In terms of operational metrics, the company’s total current assets increased to $14.3 million as of October 31, 2024, compared to $11.9 million at the end of the previous fiscal period. This growth was driven by higher inventory levels, which rose to $8.9 million, reflecting the company's strategy to bolster its product offerings. The total liabilities also increased slightly to $71.7 million, with current liabilities accounting for $30.0 million. The company’s accumulated deficit improved to approximately $2.37 million, down from $2.82 million, indicating a positive trend in managing losses.
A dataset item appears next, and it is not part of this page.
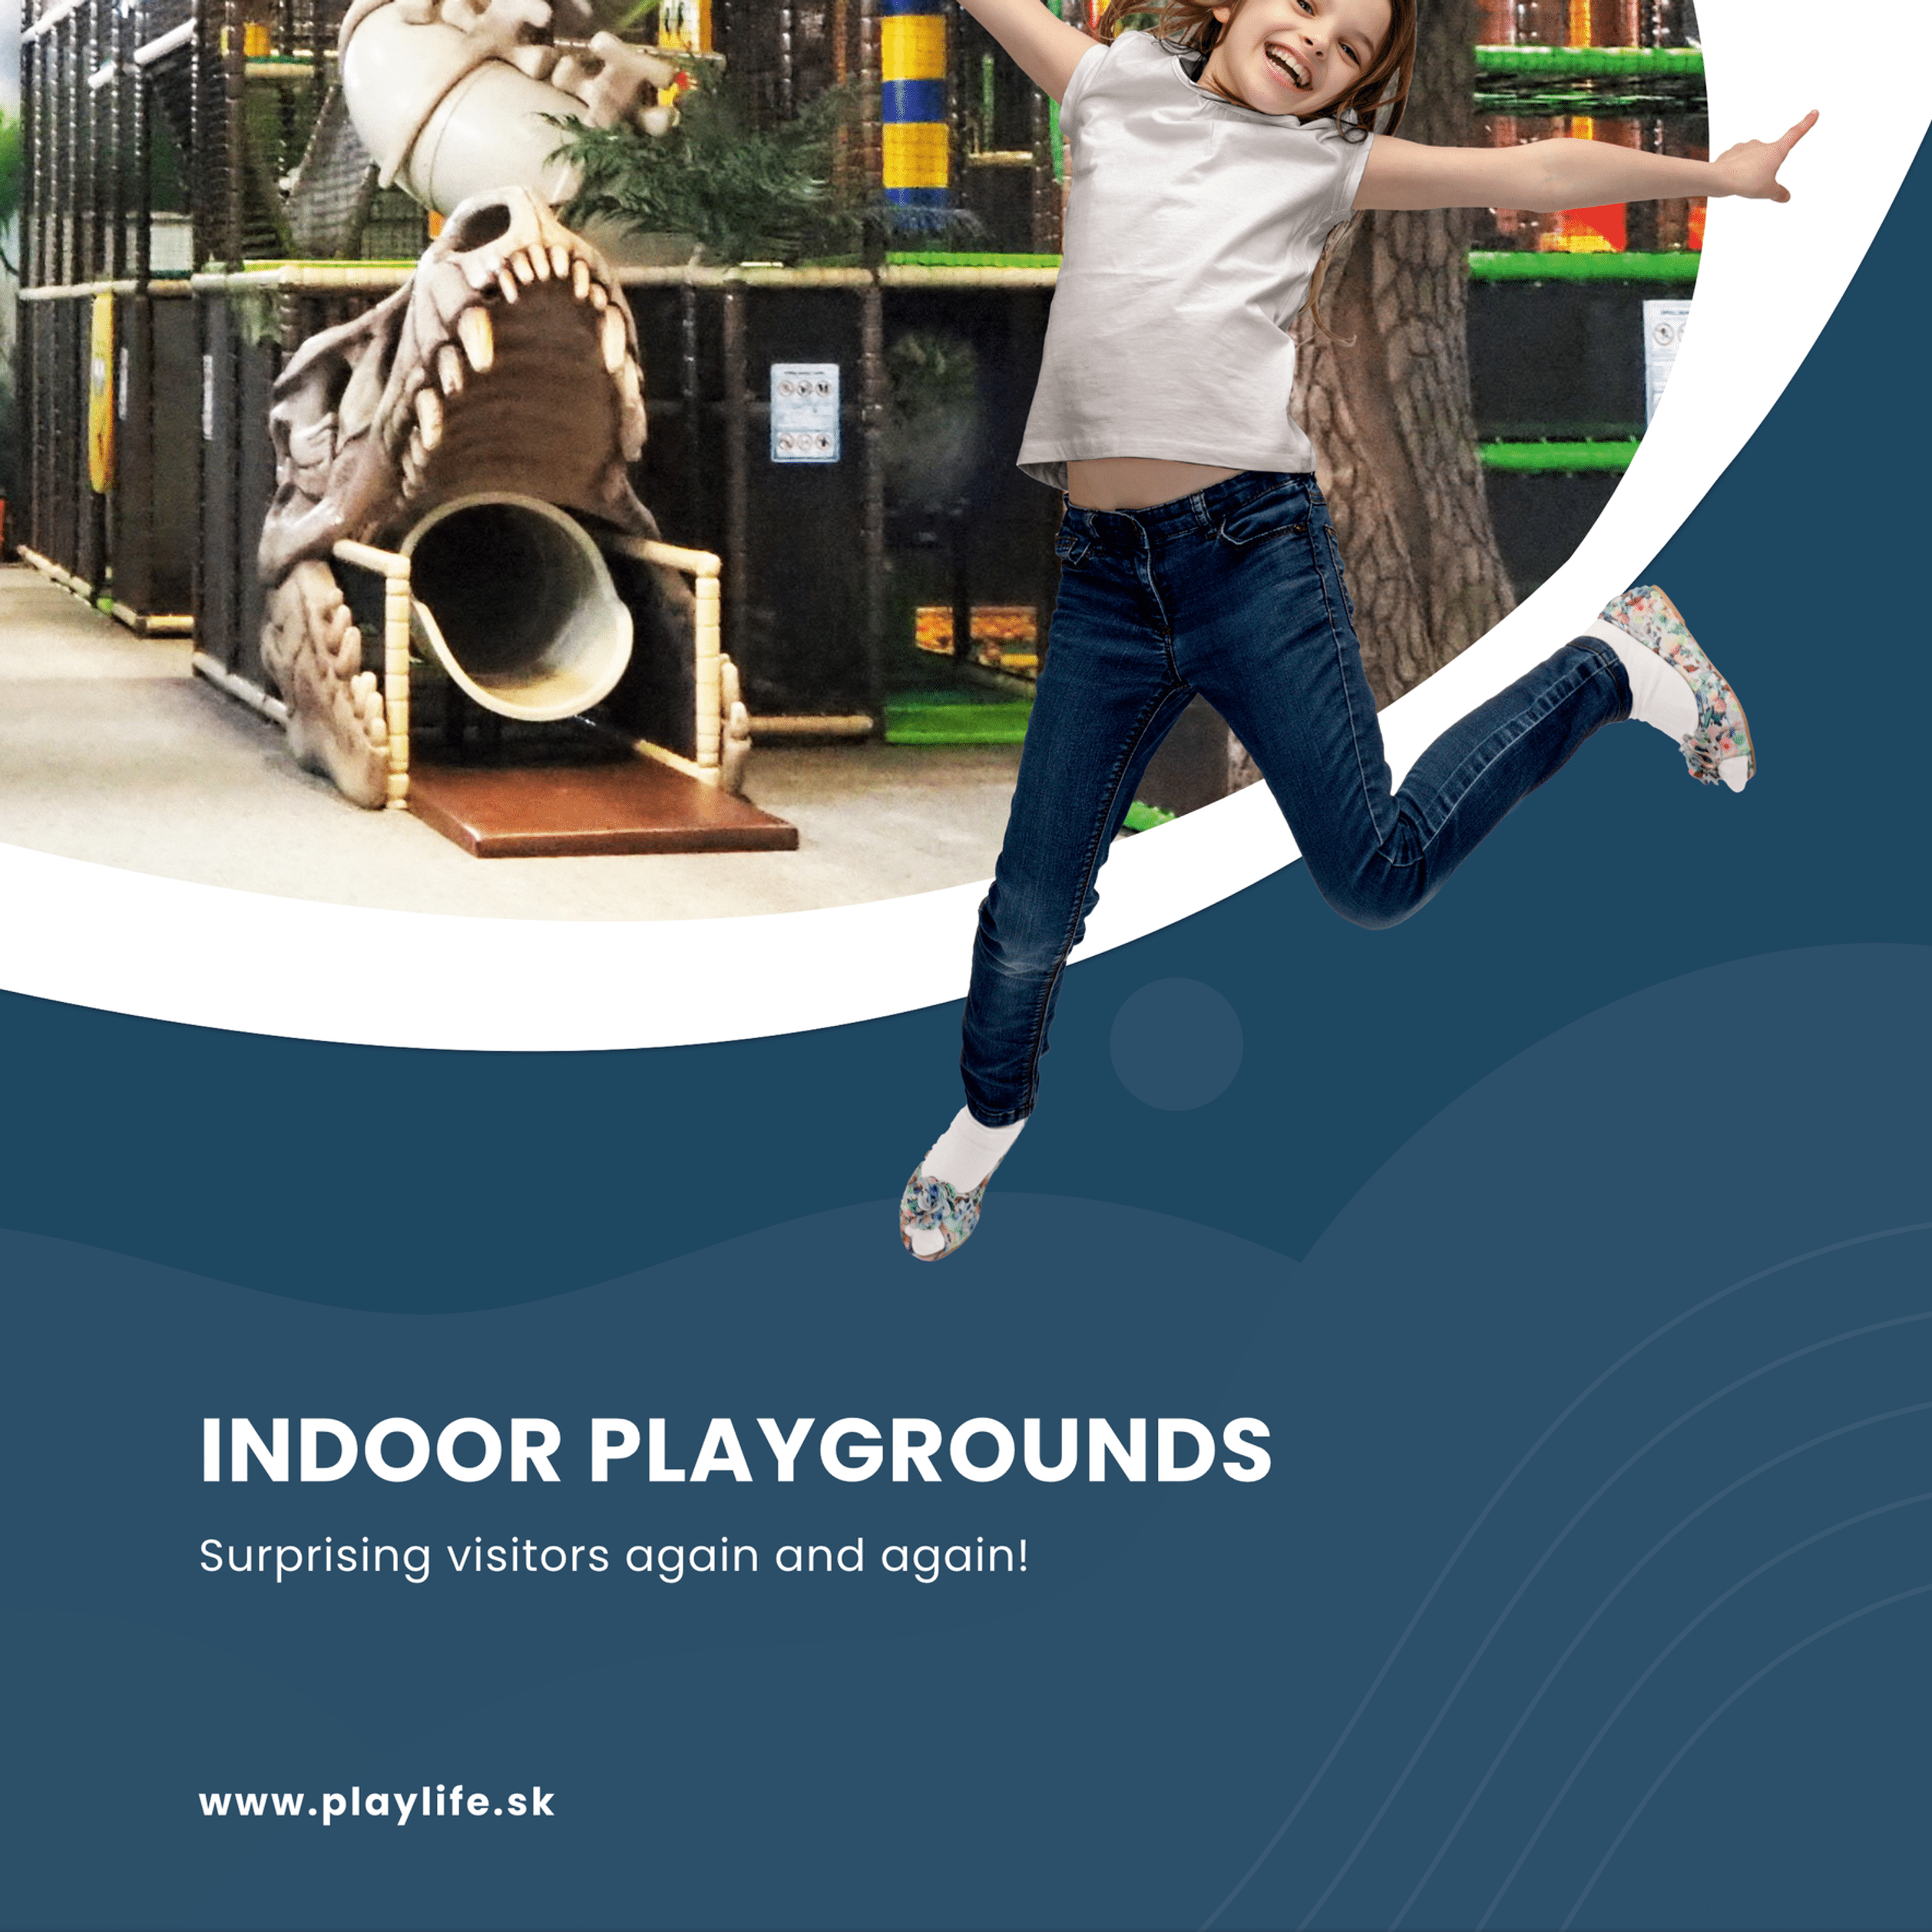 playlife-sk-en-indoor-playgrounds-03-2022-druck.png

Strategically, Maison Solutions has been expanding its footprint through acquisitions, including the recent purchase of Lee Lee for approximately $22.2 million. This acquisition is expected to enhance the company's market presence in Arizona, where Lee Lee operates three stores. The company is also focused on increasing its revenue through enhanced marketing efforts, expanding its sales force, and potentially seeking additional funding to support its growth initiatives. However, the company has expressed concerns regarding its ability to continue as a going concern, citing a working capital deficit of $15.6 million and the need for further capital to sustain operations.
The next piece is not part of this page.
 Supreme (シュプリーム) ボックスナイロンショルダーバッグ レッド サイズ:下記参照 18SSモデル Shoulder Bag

Looking ahead, Maison Solutions aims to strengthen its market position by opening new stores and acquiring additional supermarkets, particularly in less competitive areas. The company plans to invest approximately $35 million to $40 million in expansion efforts, with a significant portion of this funding expected to be required within the next year. Management remains optimistic about the company's growth potential but acknowledges the challenges posed by market conditions and competition in the grocery retail sector.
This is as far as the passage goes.